In this assignment we will implement the alpha and beta recursions for hidden Markov models (HMM), which you saw in class and have a look at the Viterbi algorithms, as well. 



Our HMM will model a student's prepardness. However, we are not able to directly observe whether a student is prepared or not. We can only have a look at their grades and whether they attend class or not:
- Knowledgeable on the week's topic [0 = not knowledeable, 1 = partially knowledgeable, 2 = very knowledgeable]
This corresponds to the prepardness of a student. We will abreviate this random variale by **K**.
- Grade in the weekly assignment [0, 9]; abbreviated  **G**.
- Attended the weekly lecture [0 = no, 1 = yes]; describes whether a student attended the class in a specific week or not. Abbreviated by **A**.

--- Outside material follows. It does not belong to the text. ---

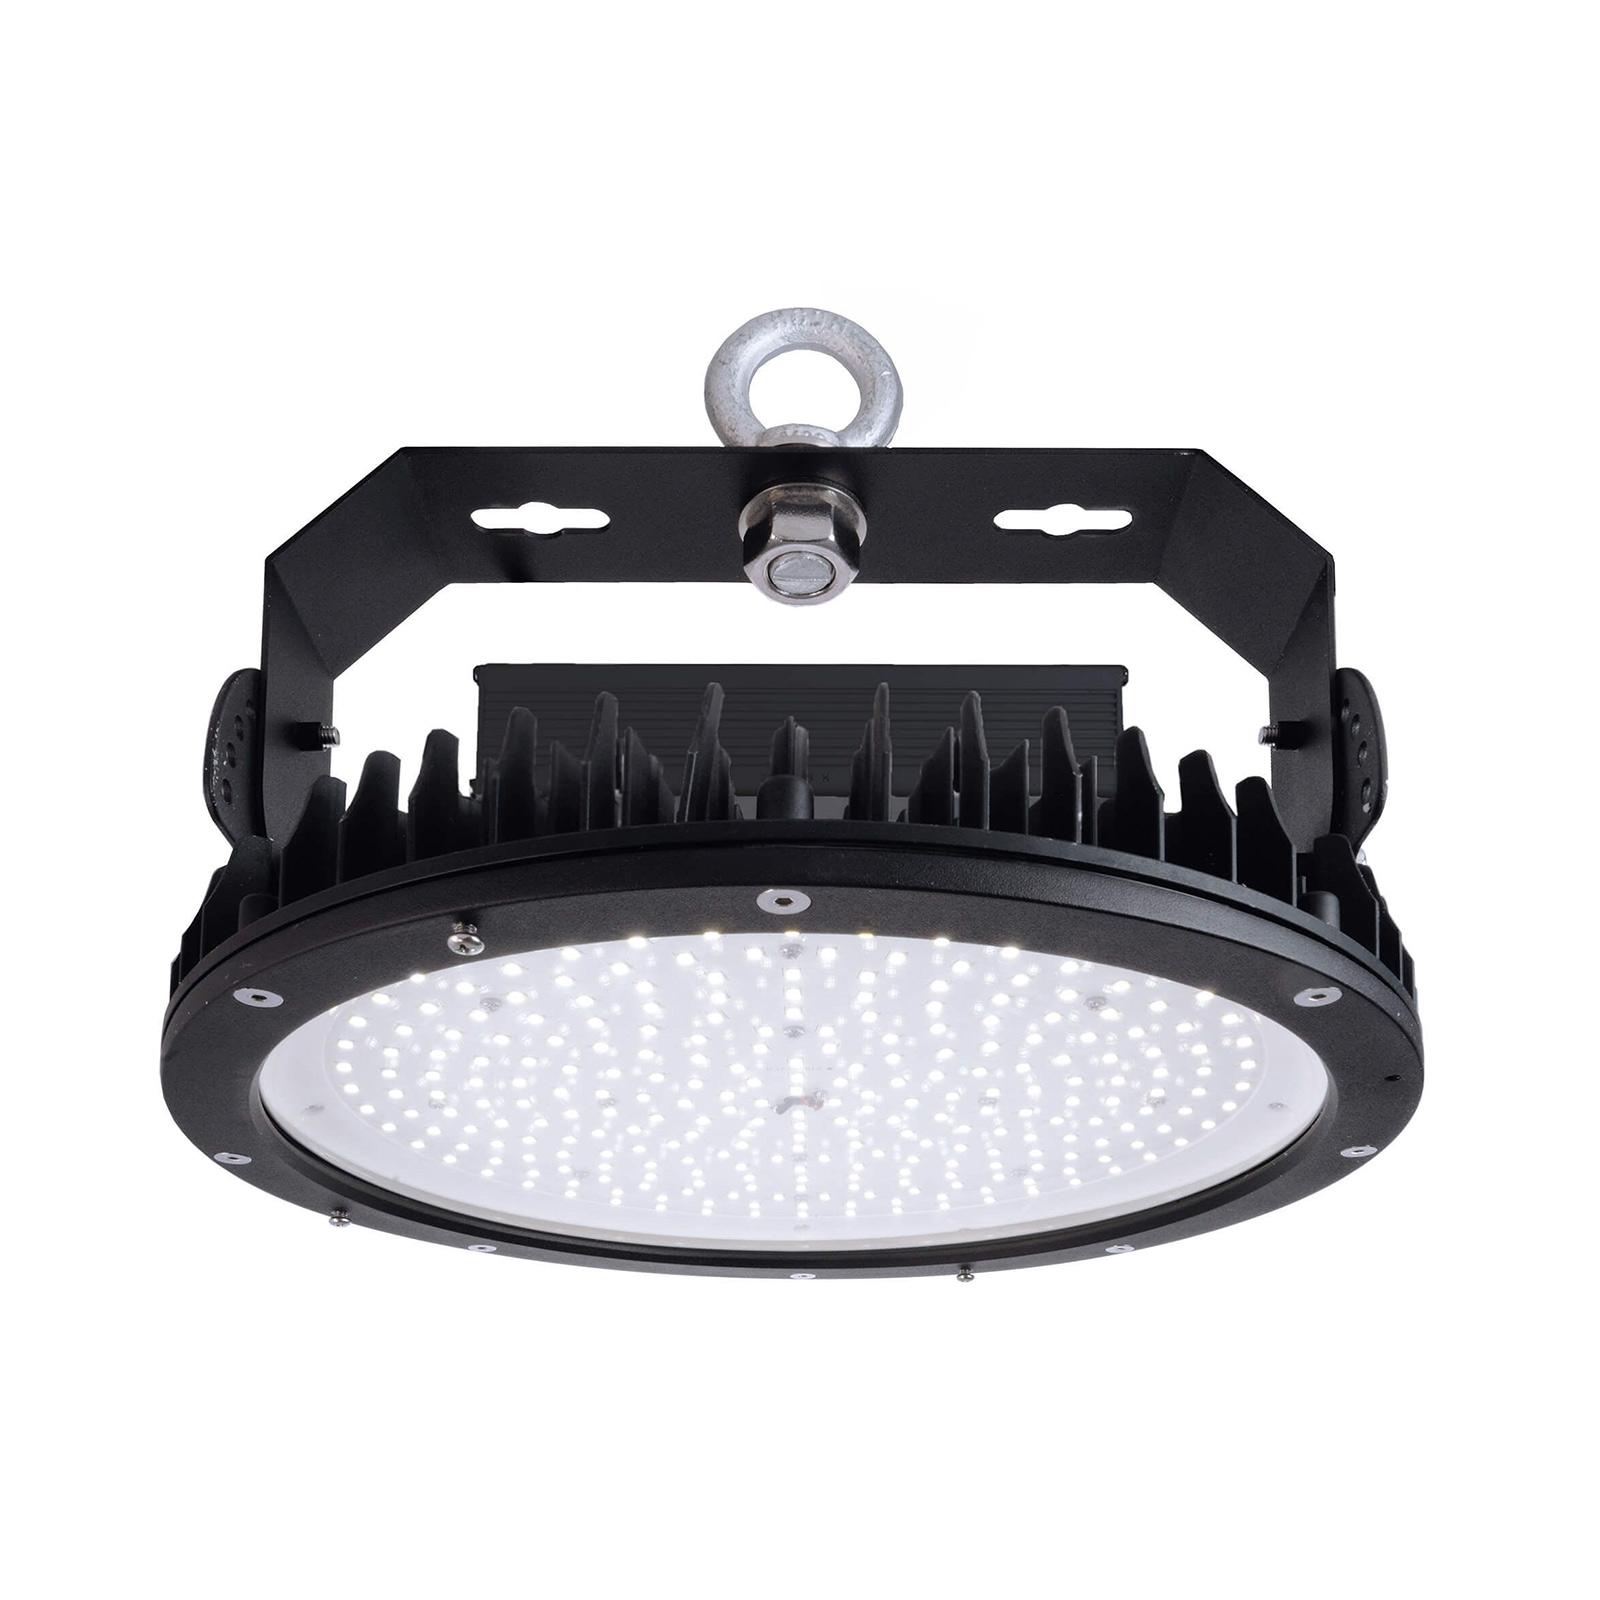 LED-Hallenstrahler Ainara 90, 5.000 K, 11.800 lm

The **Hidden Markov Model** has now the following structure:
$K_t$ is the unobserved or hidden random variable. The observed variables are $G_t$ and $A_t$.

---



# **Question 1**


**Draw the graphical representation of the HMM with 3 observations!**



---




Before we start coding up a model we will import the numpy library; a popular scientific computing library in Python.

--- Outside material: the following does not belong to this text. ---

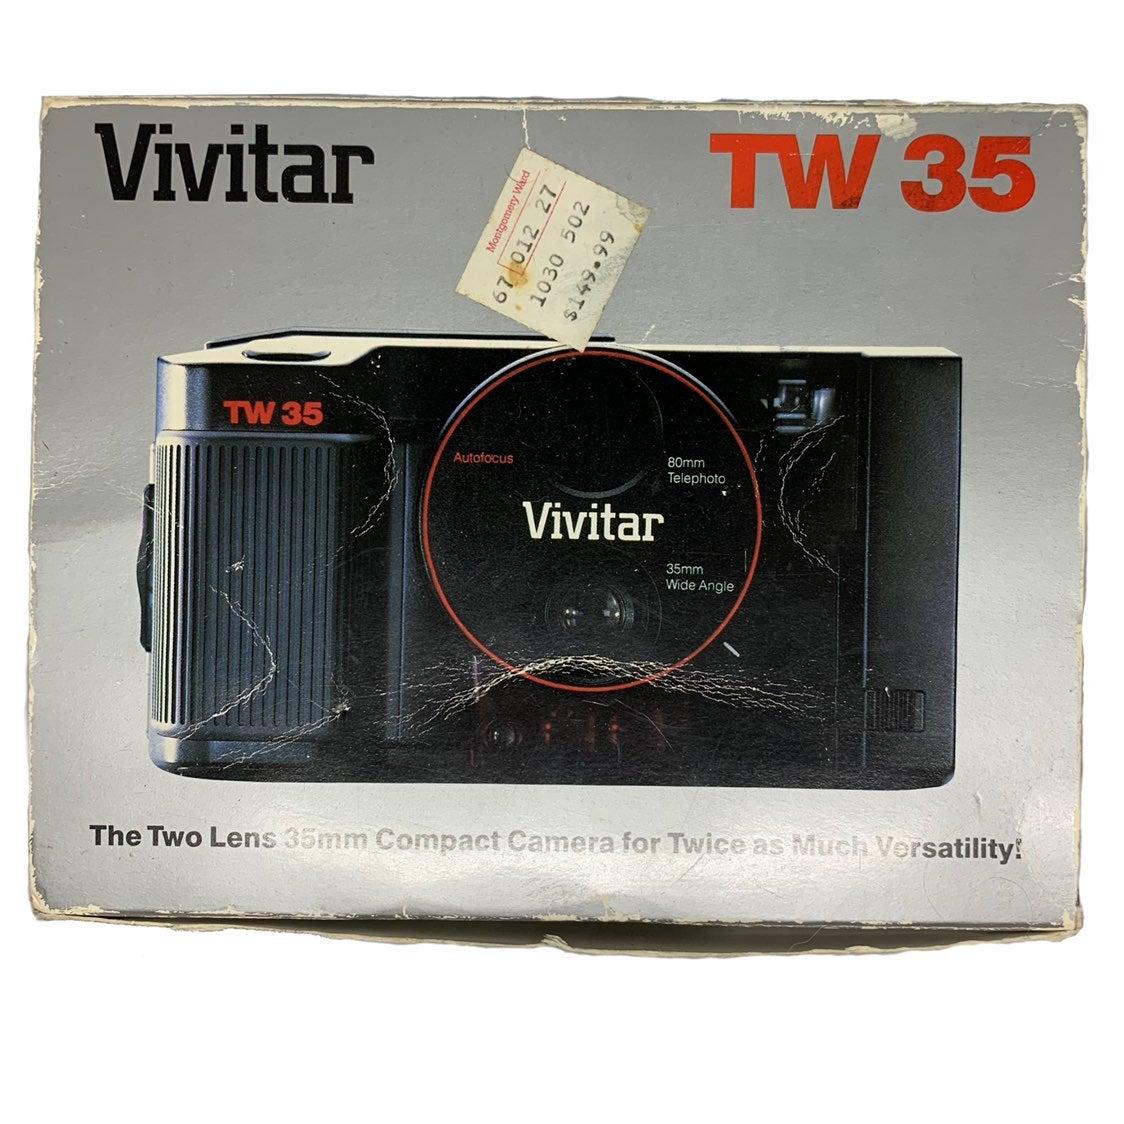 Vivitar TW 35 w/box and strap

Press the play button to the left of the cell. It appears when you hover with your mouse above the cell.


In [2]:
import numpy as np

## The Model

In a first step we will write down the initial state, the transition matrix, and the observation model using numpy arrays (matrices).

### Initial State

The initial state describes the initial knowledge of the student before the course starts: $p(K_0=k)$ and $k$ ranges from $0$ to $2$. At time step $0$ we do not have any observations!

In [3]:
prob_K = np.array([
    [0.25],
    [0.50],
    [0.25],
  ]
)

Let us make sure that the probabilities sum up to 1:


In [4]:
np.sum(prob_K)==1

True

### Emission/observation model

Let us now define the observation model for the grades given the knowledge of the student. In short: $p(G_t=g|K_t=k)$, where we have $t \geq 1$, $0\leq g \leq 9$, and $0\leq k \leq 2$.

In [5]:
prob_KG = np.array(
  [
    [0.18, 0.16, 0.15, 0.13, 0.11, 0.09, 0.07, 0.05, 0.04, 0.02], 
    [0.10, 0.10, 0.10, 0.10, 0.10, 0.10, 0.10, 0.10, 0.10, 0.10], 
    [0.02, 0.04, 0.05, 0.07, 0.09, 0.11, 0.13, 0.15, 0.16, 0.18], 
  ]
)

Let us again double check that the probabilities sum up to one.





In [6]:
np.sum(prob_KG, axis=1)==1

array([ True,  True,  True])

Similarly, we define the observation model for the probability of attending class given the student's knowledge: $p(A_t=a|K_t=k)$, with $t>0$, $0\leq a \leq 1$, and $0\leq k \leq 2$.


In [7]:
prob_KA = np.array(
  [
    [0.75, 0.25], # not knowledgeable students attend the lesson with p = 0.75
    [0.50, 0.50], # partially knowledgeable students attend the lesson with p = 0.5
    [0.66, 0.34], # very knowledgeable students attend the lesson with p = 0.66
  ]
)

...and double checking again...

In [8]:
np.sum(prob_KG, axis=1)==1

array([ True,  True,  True])

Because we are going to set up our equation with only a single observation model we will combine both observation model into a single observation model representing the joint observation model (given the knowledge of the student): 

In [11]:
prob_KAG = np.einsum('ka,kg->kag',prob_KA,prob_KG)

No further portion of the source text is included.